モンスターの〝強肩発動〟に会長の背筋が凍った?
ボクシングのスーパーバンタム級4団体統一王座防衛を果たした井上尚弥(31=大橋)の一夜明け会見が25日、横浜市内の大橋ジムで開かれた。同ジムの大橋秀行会長は、試合後に井上が客席にサイン入りTシャツを投げ込んだ際、肩の脱臼を心配して制止しようとしたことを明かした。
1か月の延期と試合2週間前に相手変更などのトラブルに見舞われながらも、代役挑戦者の金芸俊(キム・イェジュン=韓国)を4回KOで破った井上。

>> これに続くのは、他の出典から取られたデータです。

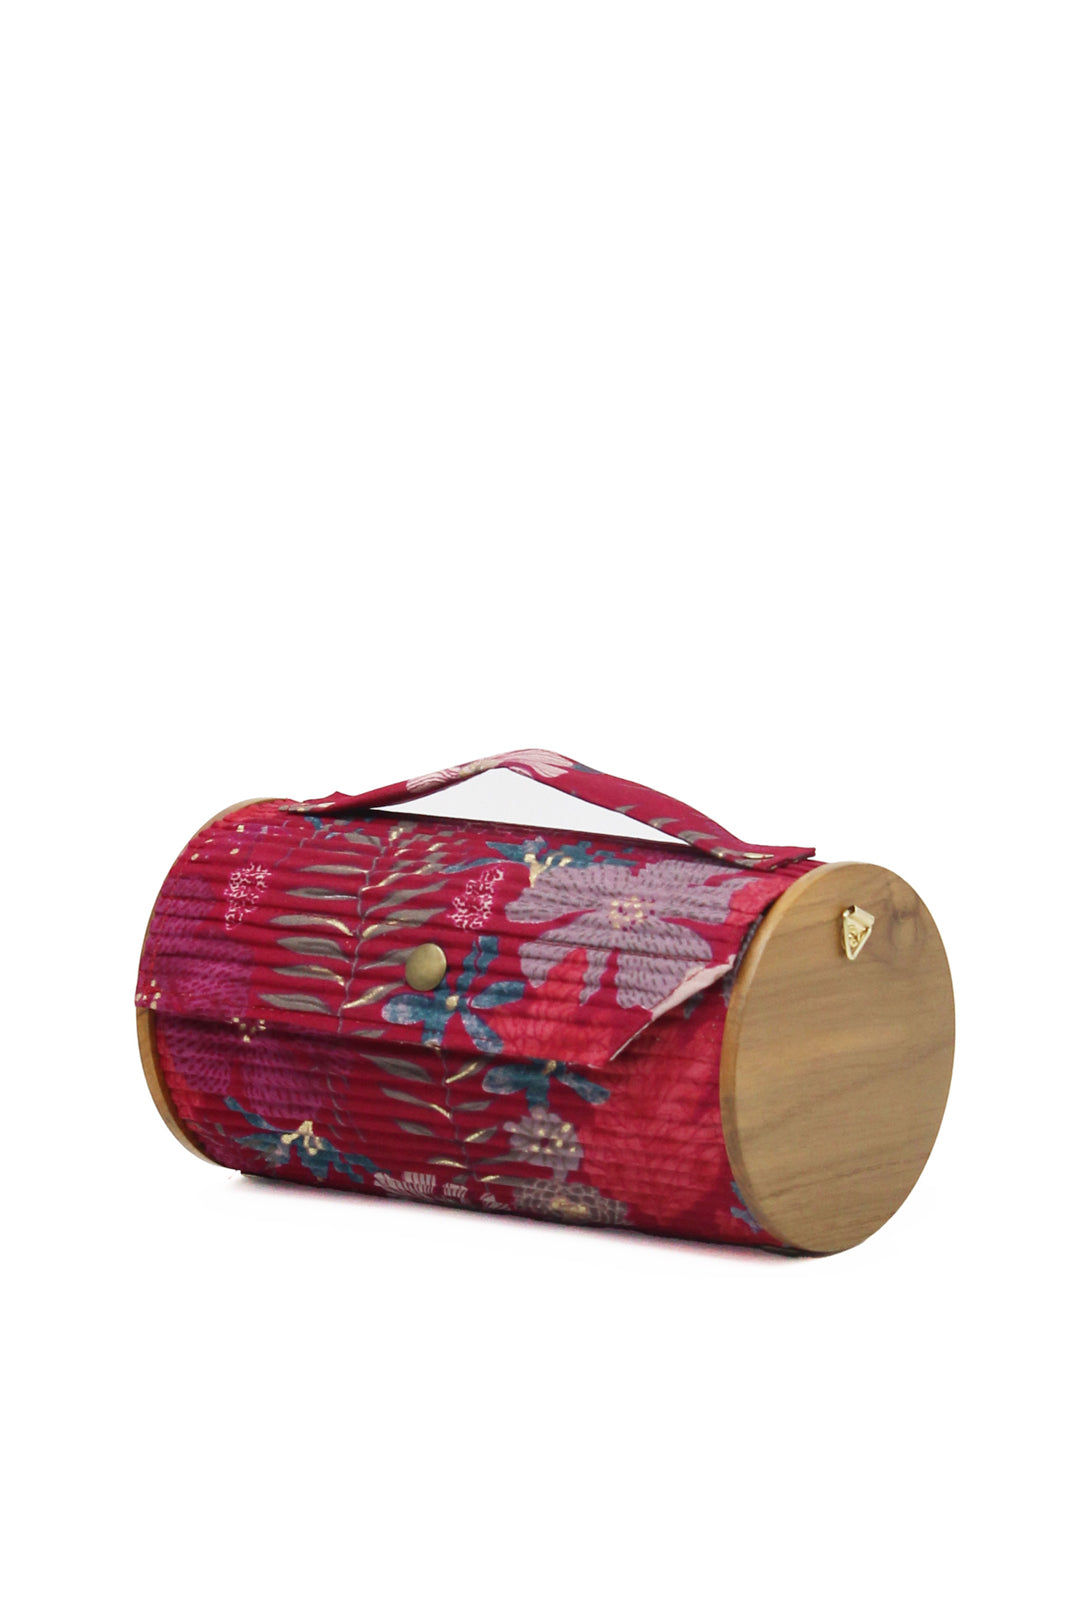 Petal Perfection Round Clutch - Single Sleeve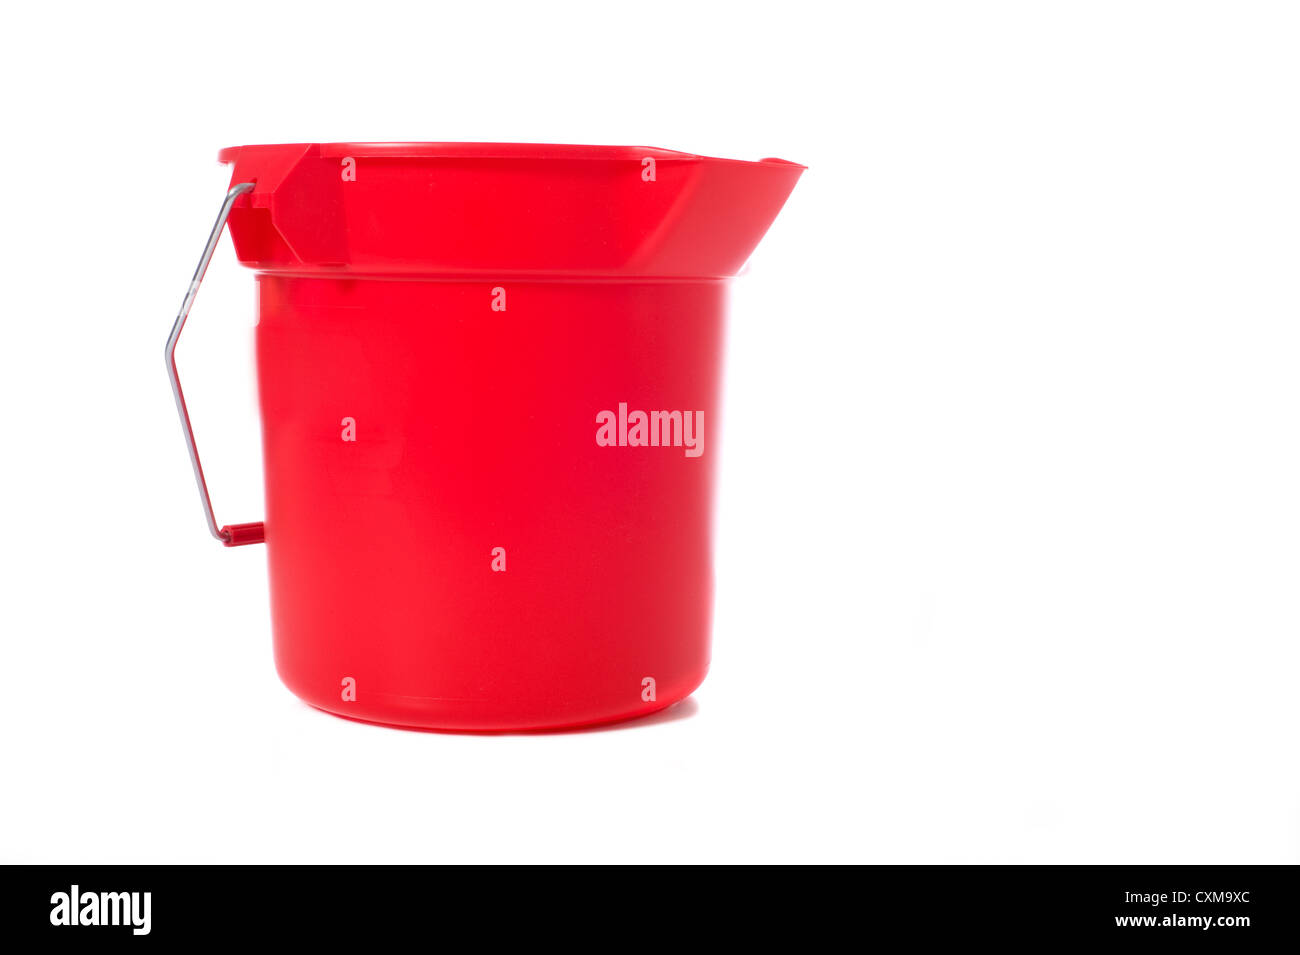 A red bucket or pale on a white background Stock Photo

試合後は、当初の試合予定が2024年のクリスマスイブだったため、1か月遅れのプレゼントとしてTシャツを投げ込むファンサービスを行った。
井上の右腕から放たれたTシャツは客席のはるか後方まで飛んでいくほど。しかし、この強肩を見て大橋会長は恐怖を感じ、「止めに入ったの知ってます? 肩が外れるんじゃないかと思って」と明かした。
この興行は他にもセミファイナルで予定していたWBO世界バンタム級王者・武居由樹(大橋)の防衛戦が武居の左肩の負傷で中止となり、代役の代役で用意していたフィリピン人選手も体重超過で来日できなくなるなどトラブルが頻発していたため、「あれだけ嫌なことが続くと、何があるか分からないからね」と不安がよぎったという。
井上はサウジアラビア最大のエンターテイメントイベント「リヤド・シーズン」と約30億円の巨額契約を結び、今後は米国ラスベガス、サウジアラビアなどの海外進出が予定されるボクシング界の至宝であり、その身に何かあれば一大事。大橋会長は「1年間試合できませんとかになったらね。だから、すぐ止めに行った。向こうは冗談と思っていたけど、俺は本気だったよ」と苦笑しながら振り返っていた。